En tant que parent, il peut être douloureux de voir son enfant souffrir d’être mis à l’écart par les autres. Mais il existe des moyens de les aider.
Texte intégral (1378 mots)
Les adolescents sont hypersensibles au rejet. cottonbro studio/Pexels

L’ESSENTIEL

- L’été est une période où les enfants et les adolescents participent à de nouvelles activités et rencontrent de nouveaux groupes. Ils vont y nouer des amitiés mais parfois aussi se confronter au rejet.

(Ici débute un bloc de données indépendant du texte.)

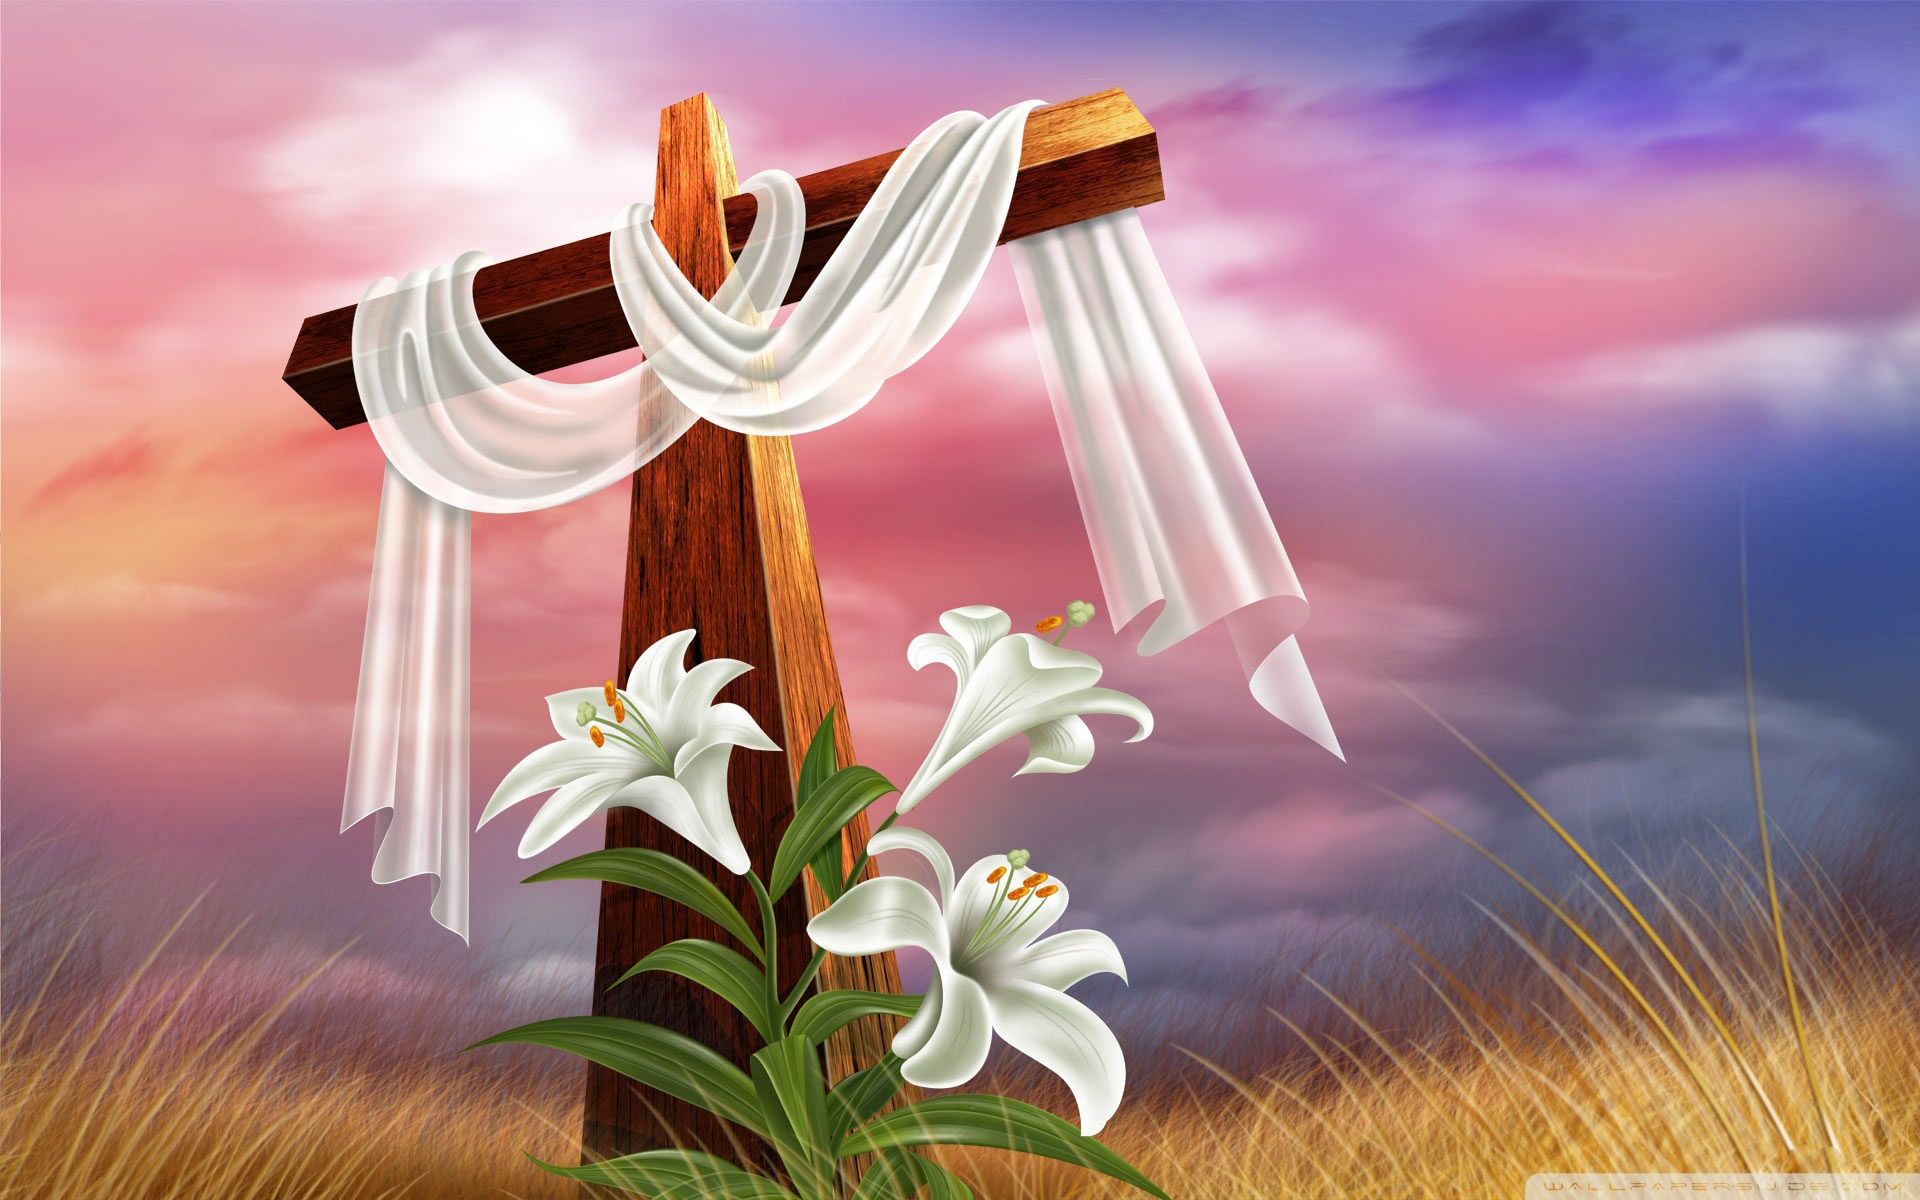 Easter Cross Ultra HD Desktop Background Wallpaper for 4K UHD TV
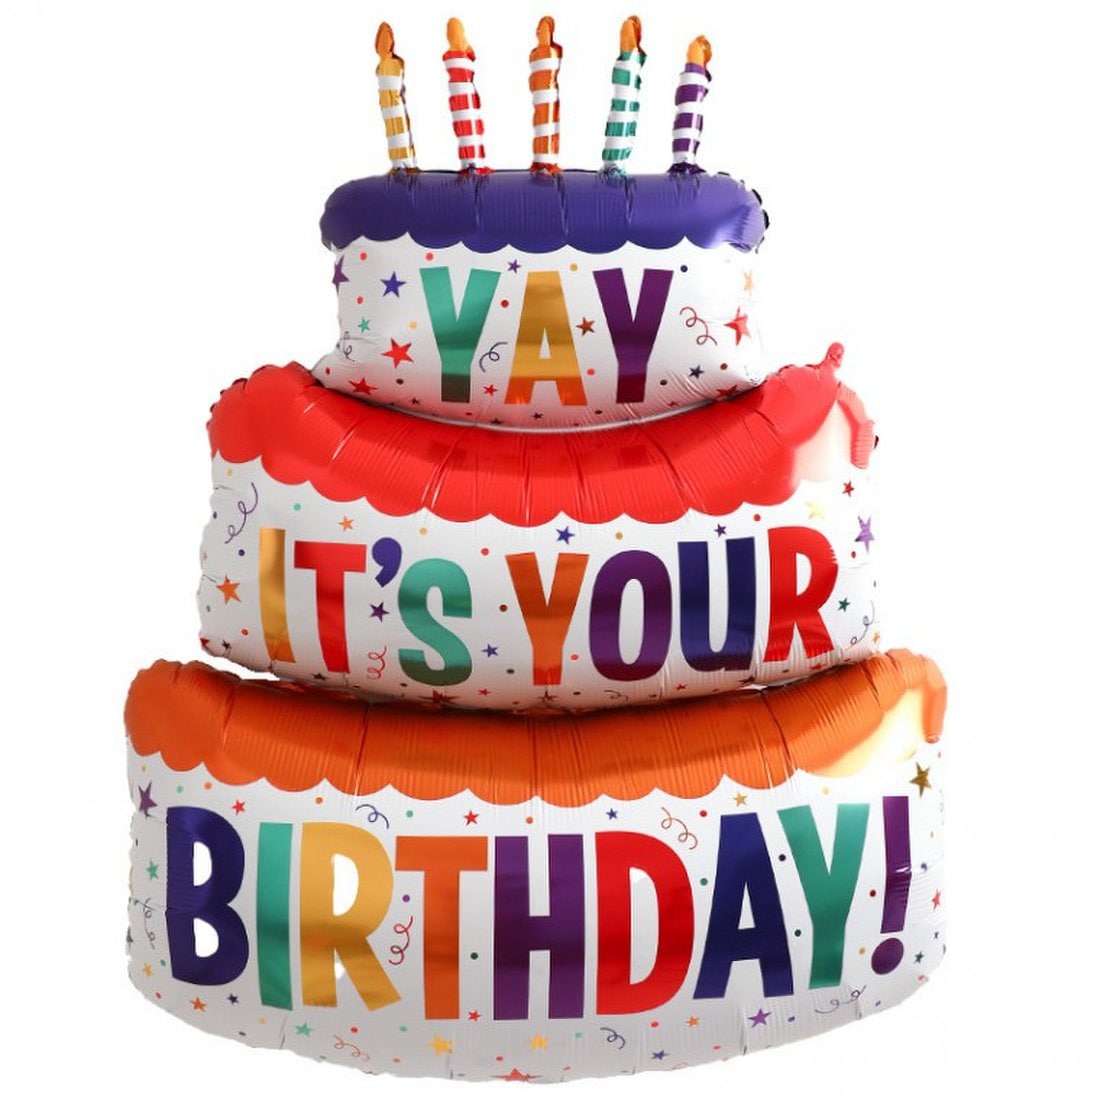 생일 케이크 풍선 초대형 대형 은박 3단케이크, 신세계적 쇼핑포털 Ssg.Com

- Les parents peuvent aider leurs enfants à surmonter cette mauvaise expérience en leur apprenant à gérer leurs émotions.

- Comme une blessure physique, la souffrance émotionnelle a besoin de temps pour guérir.


Le fait d’être rejeté peut parfois être si intense que cela s’apparente à une douleur physique : un coup de poing dans le ventre ou une douleur au cœur. Il s’accompagne souvent du sentiment d’être exclus et de ne pas être le bienvenu. Et cela peut nous amener à remettre en question notre propre valeur.

À l’école, les élèves peuvent être candidats à divers postes à responsabilité et à des activités extrascolaires. Ils peuvent passer une audition pour décrocher le rôle principal dans une pièce de théâtre, tenter leur chance pour intégrer l’équipe des sportifs de haut niveau ou obtenir un solo dans l’orchestre de l’établissement. Ce sont d’excellentes occasions de s’épanouir personnellement, mais tous les élèves ne peuvent pas être retenus.

Même en dehors de l’école, les enfants et les adolescents peuvent se voir refuser une invitation à une fête, ne pas être retenus pour un job à temps partiel ou ne pas être admis à l’université.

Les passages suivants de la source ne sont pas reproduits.